The Western North Carolina Nature Center considers the flowering dogwood one of America’s most popular ornamental trees. The flowering dogwood is a plant indigenous to the eastern region of the United States.
The flowering dogwood is a deciduous plant that can be raised as a tree or a shrub, often achieving heights of up to 20 feet. It is considered a spring blooming plant that produces clusters of flowers that come in a colors such as yellow, rose, pink and white.
Abundant Blooming Varieties
The Cloud 9 is a prolific bloomer and can achieve heights of up to 15 feet and widths of 20 feet. The Cherokee Chief has red- to rose-colored flowers and can reach widths and heights of up to 20 feet.
Types with Variegated Foliage
The Pink Flame has leaves that are yellowish and white, with pink bract flowers (bracts are petals at the base of a flower). The Welchii dogwood has leaves that are green and edged with white, and has white flower bracts. The Rainbow dogwood has leaves with golden yellow borders and white flower bracts.
Flowering dogwoods are considered relatively easy to grow.
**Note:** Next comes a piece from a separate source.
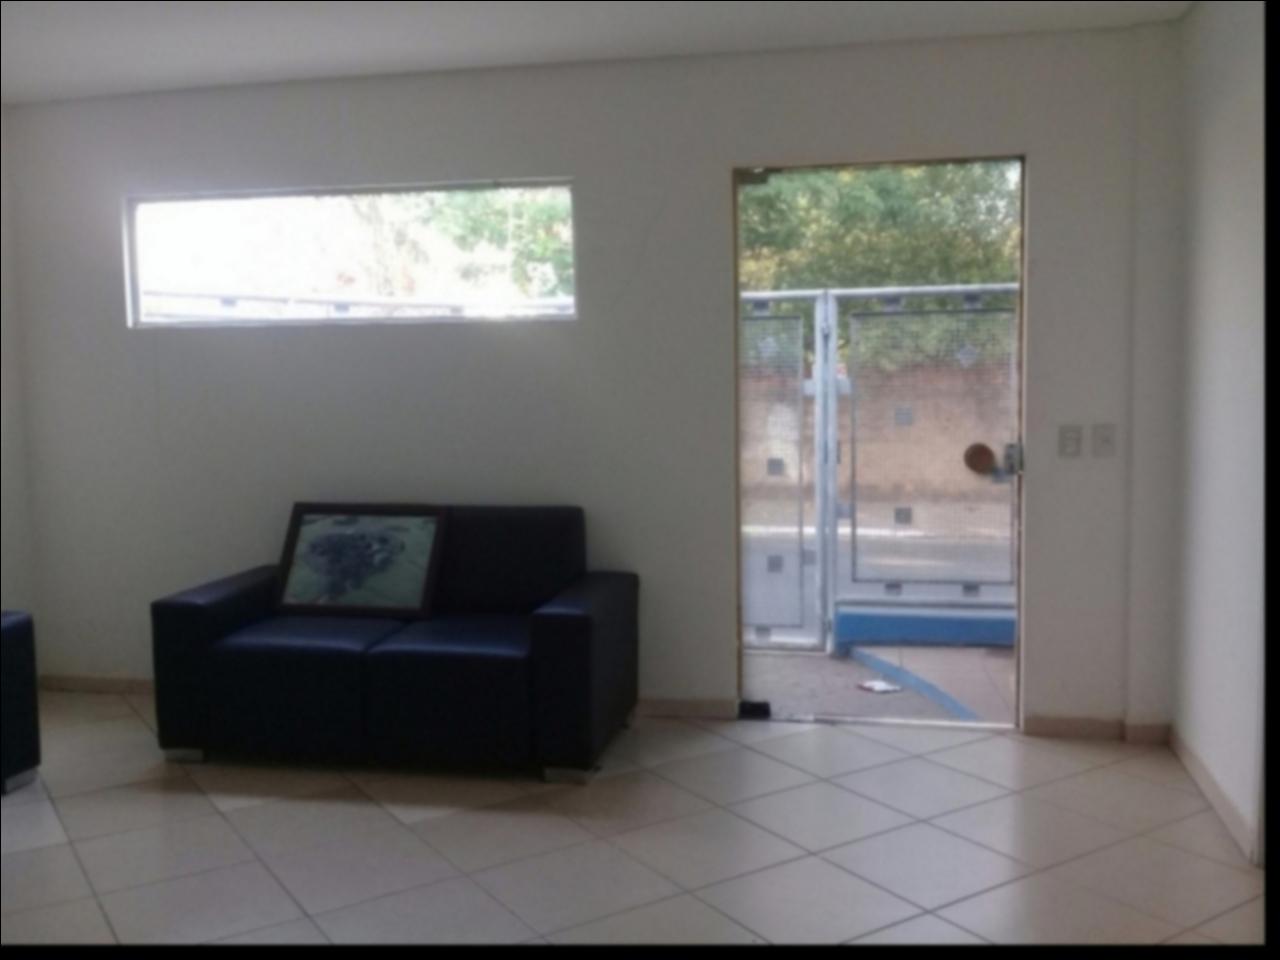 Casa  com 3 quartos sendo 3 Suítes no Jardim das Palmeiras, Cuiabá  - MT
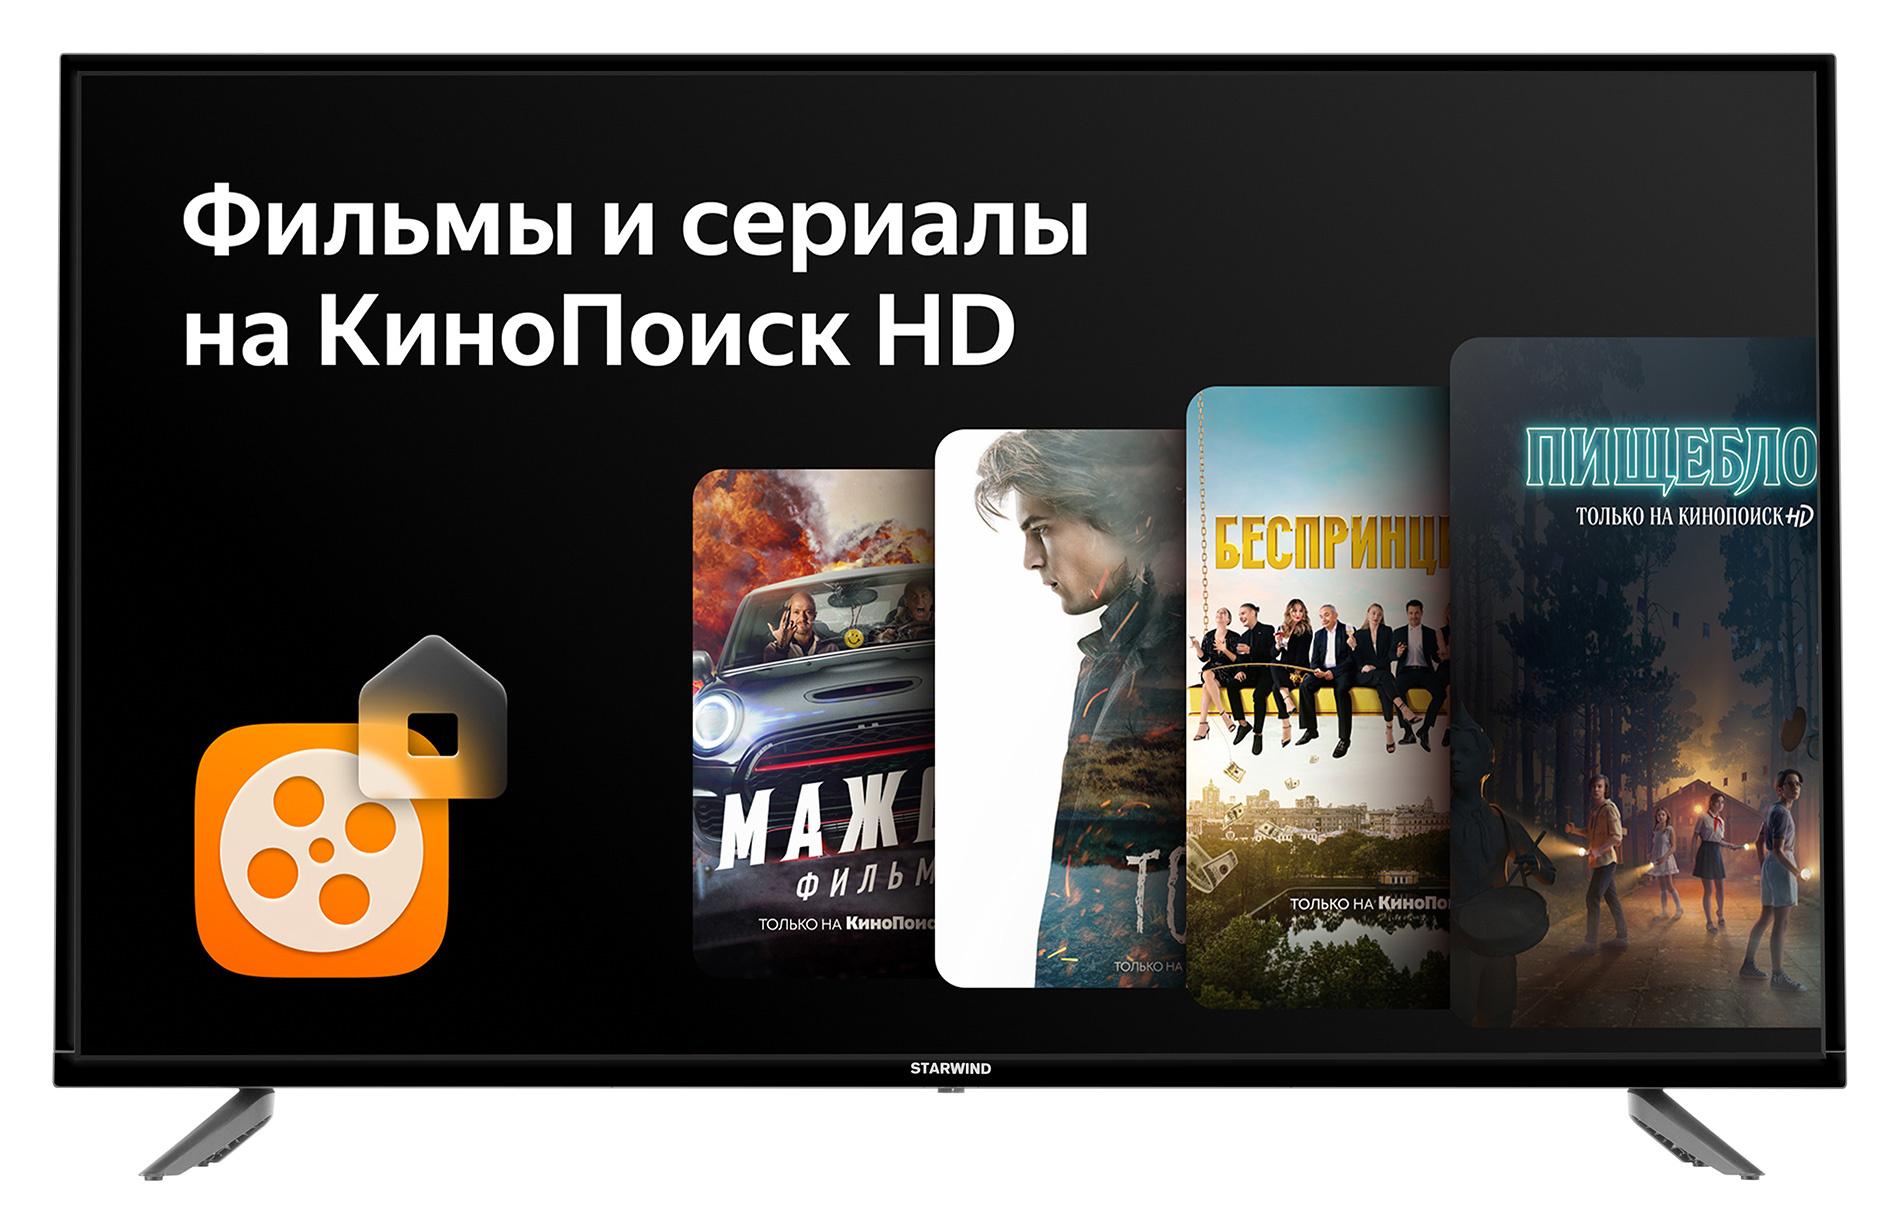 https://images.merlion.ru/145/1451705/1451705_v02_b.jpg

However, they do require generous amounts of water during the warm months. Flowering dogwoods do not like full sun, but prefer to be grown in areas where there is filtered light to partial shade.
The credit for discovering the flowering dogwood is given to William Bartram, who discovered the tree near Mobile, Alabama, in about 1773.
According to Treehelp.com, the flowering dogwood is the official tree of the state of Virginia.